*** Opening Exercise data ***

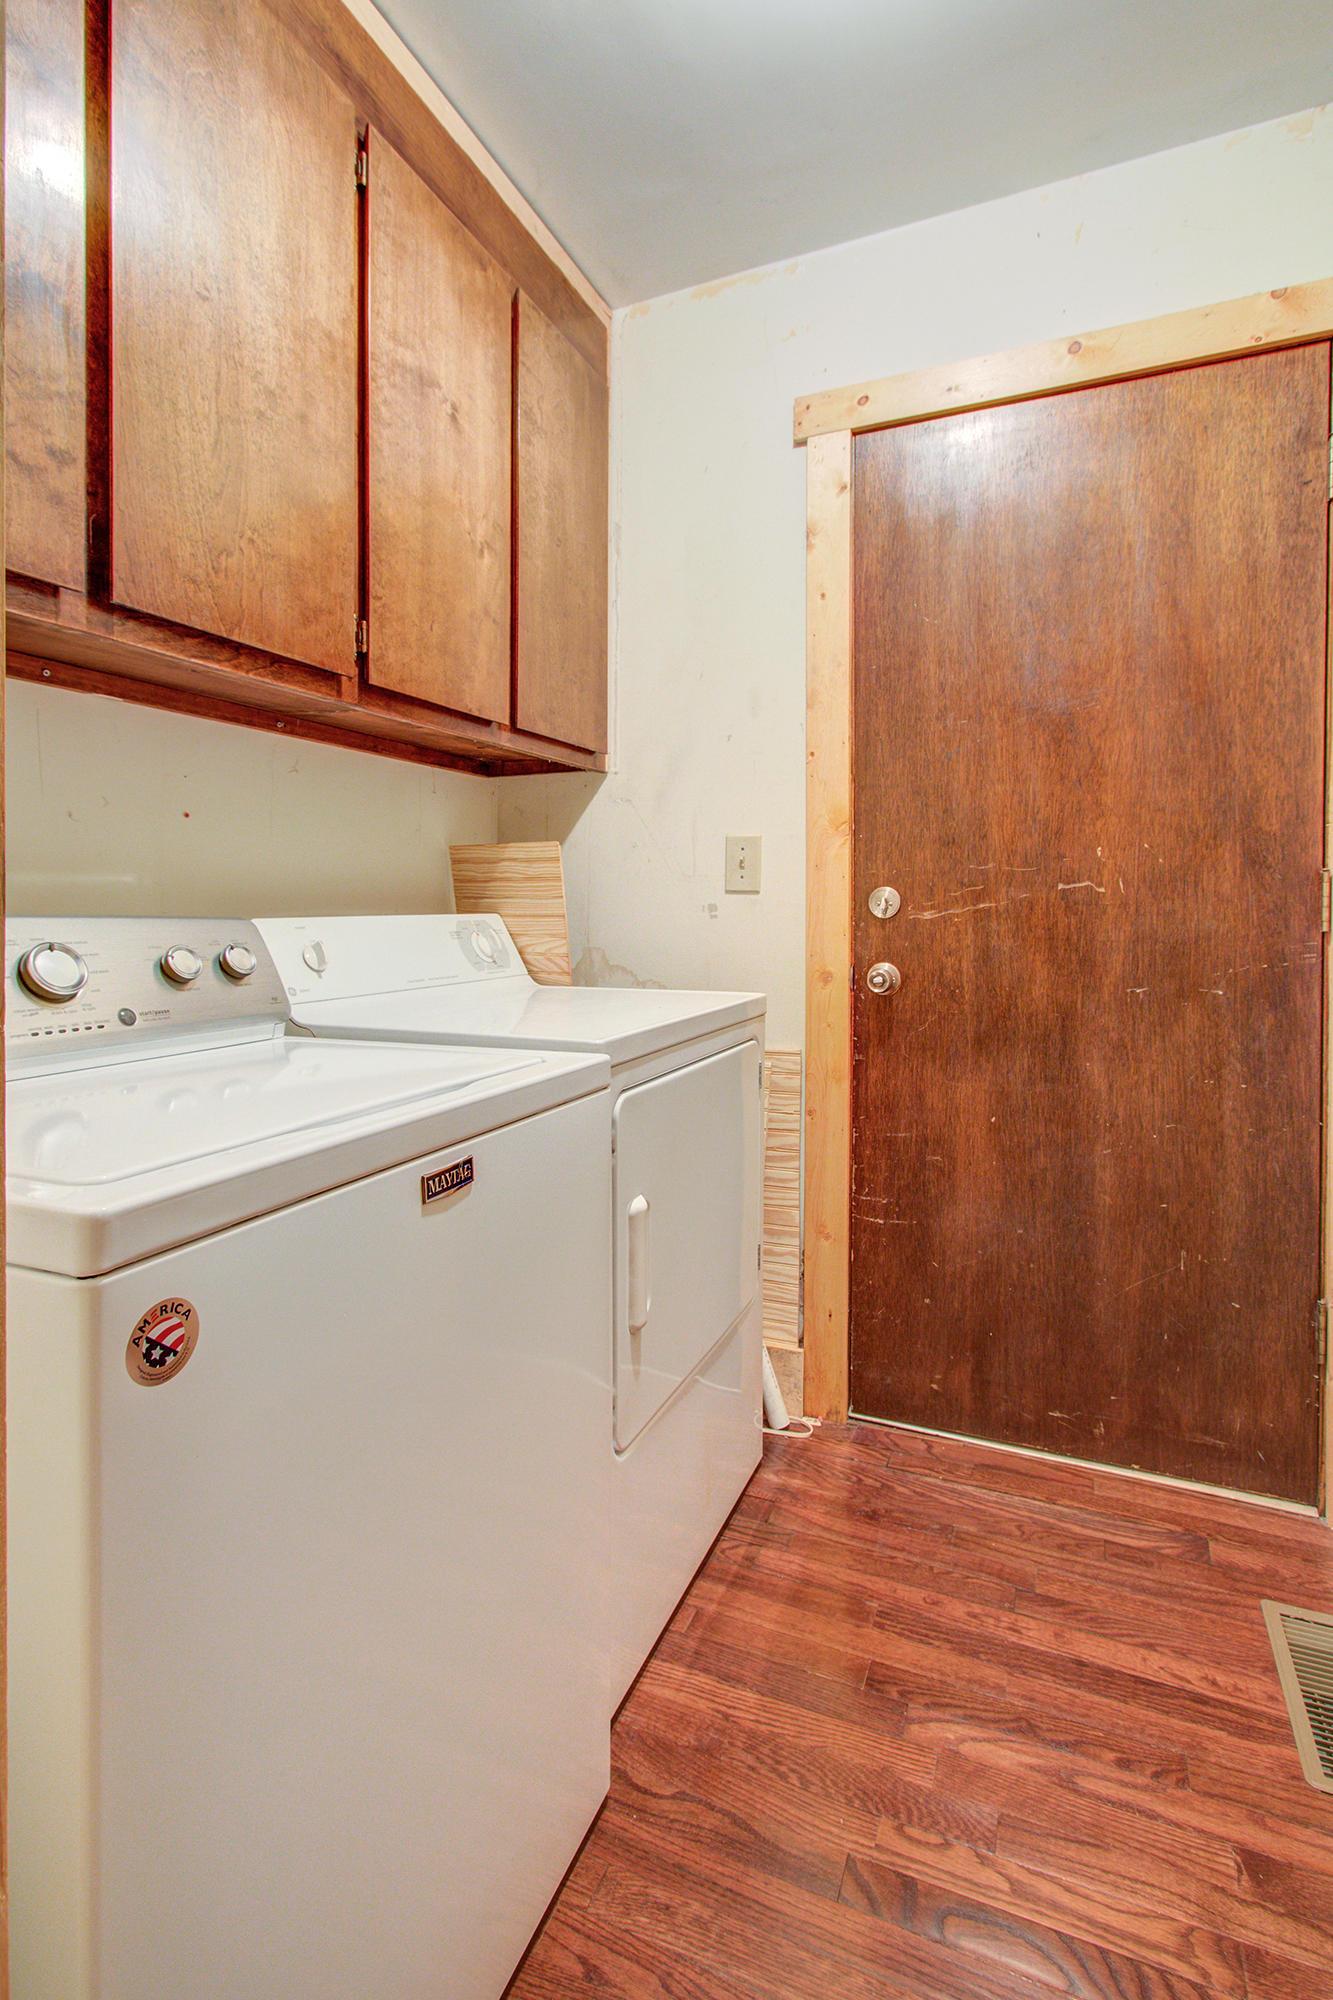 Wando Lakes Homes For Sale - 858 Fairlawn, Mount Pleasant, SC - 24
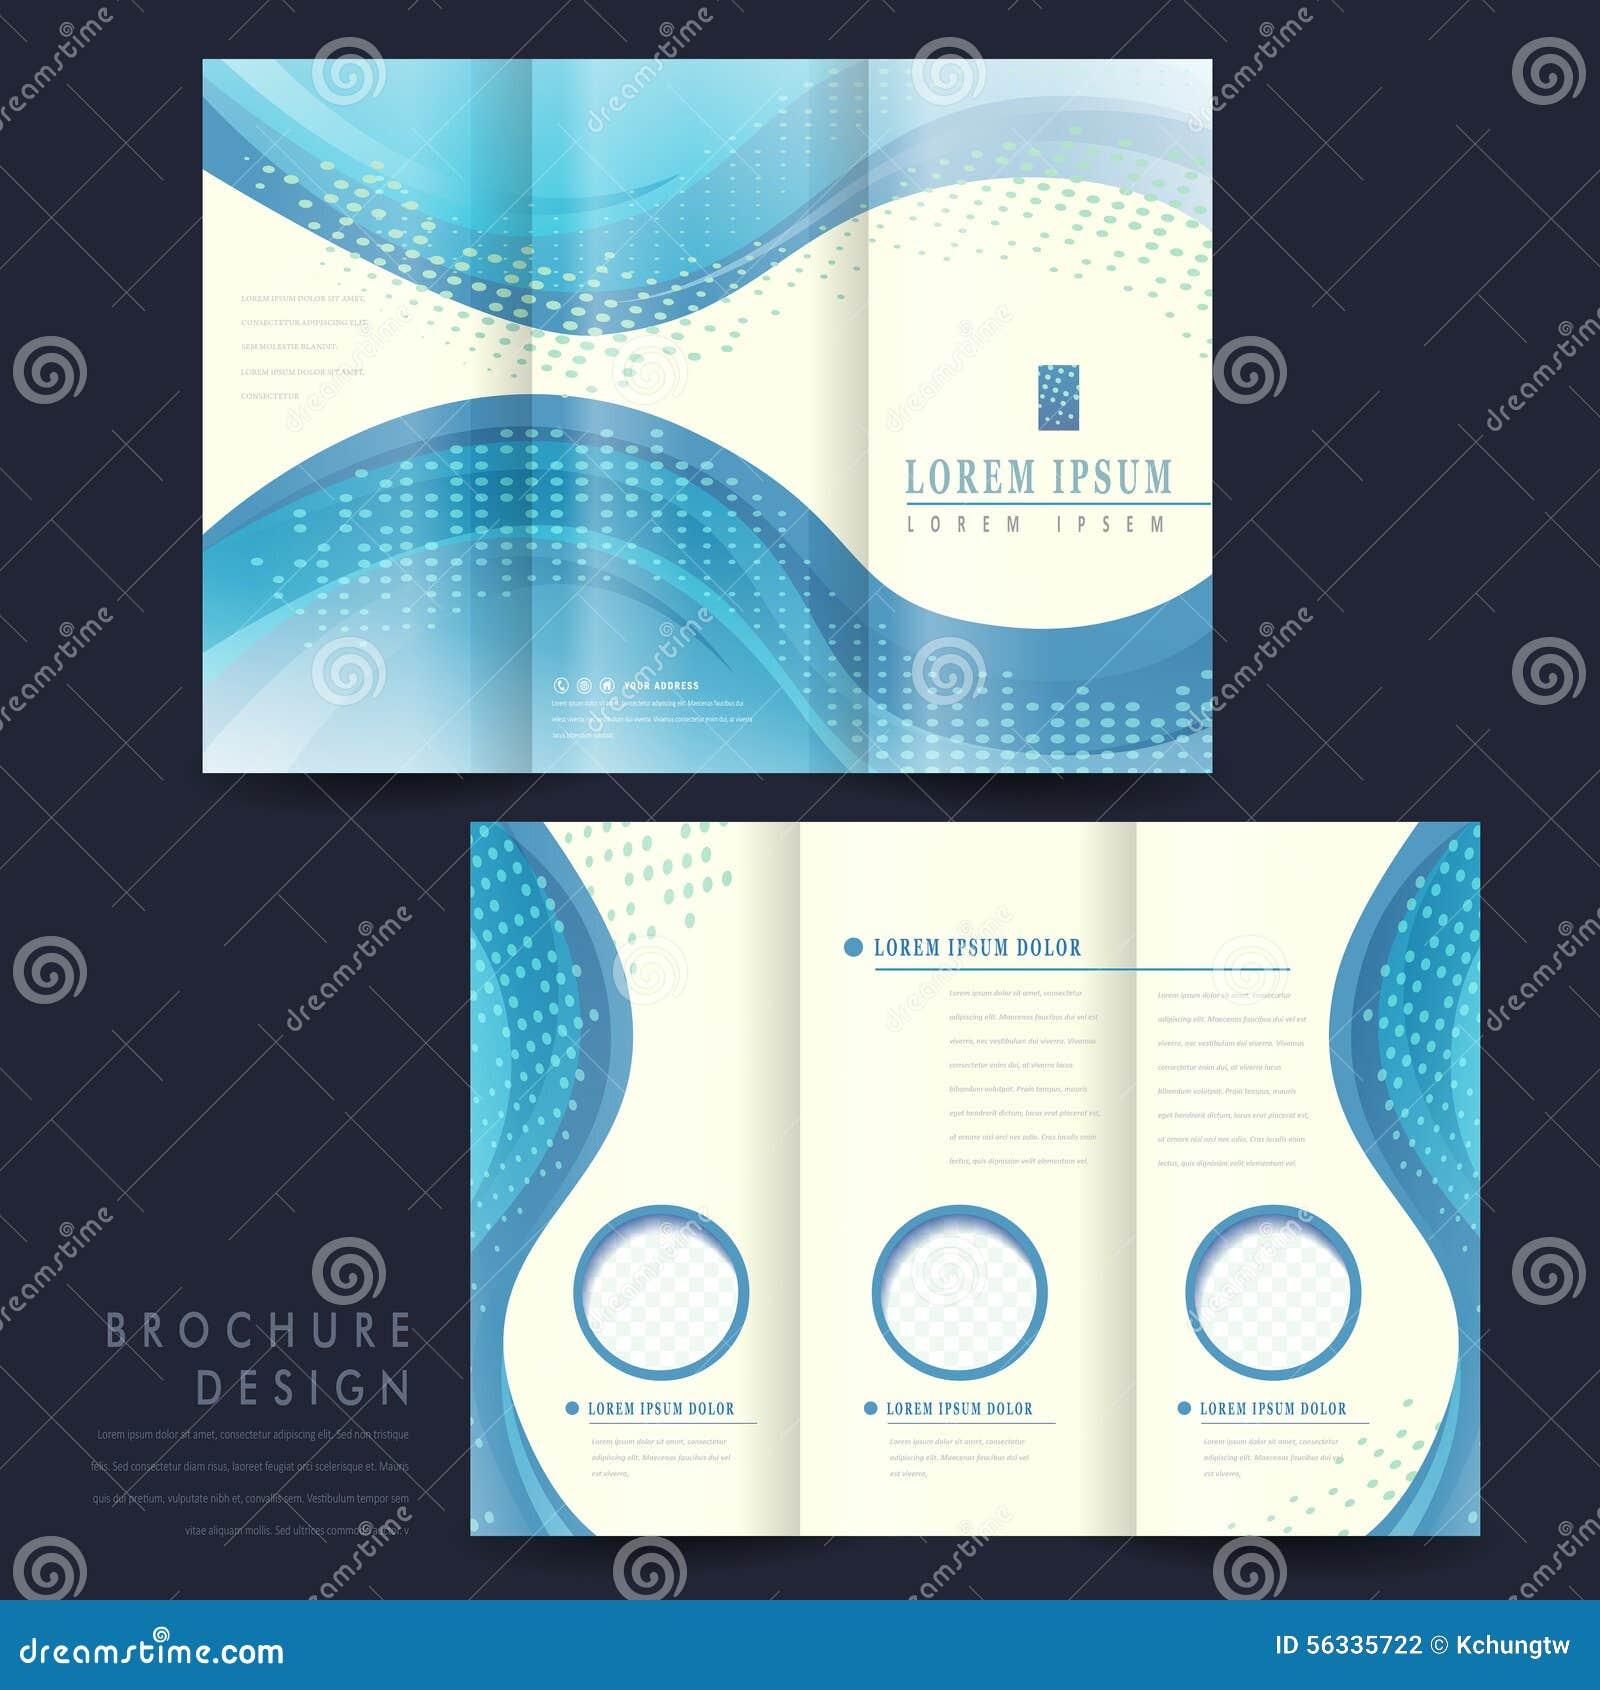 Elegant Tri Fold Brochure Template Design Illustration 56335722
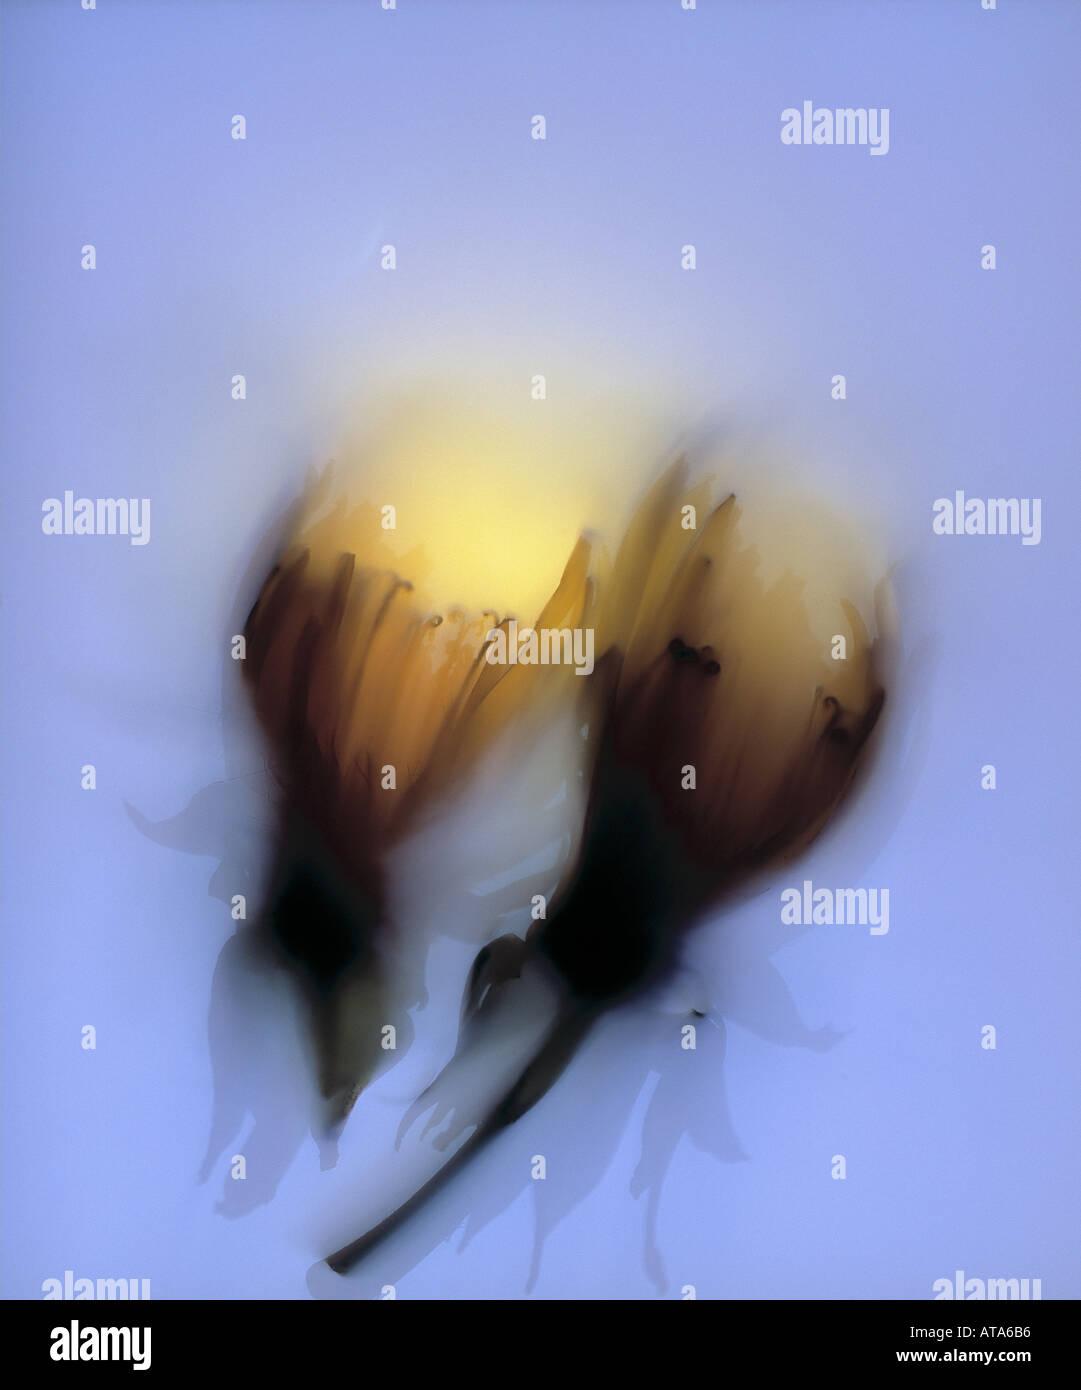 photogram of dandelions - Stock Image

*** Closing Exercise data ***

**Exercise description**
Pictures stay out; reproduce exactly the lines from the one containing "Elegant Tri Fold" through the end of the data.

**Solution to this problem**
 Elegant Tri Fold Brochure Template Design Illustration 56335722
 photogram of dandelions - Stock Image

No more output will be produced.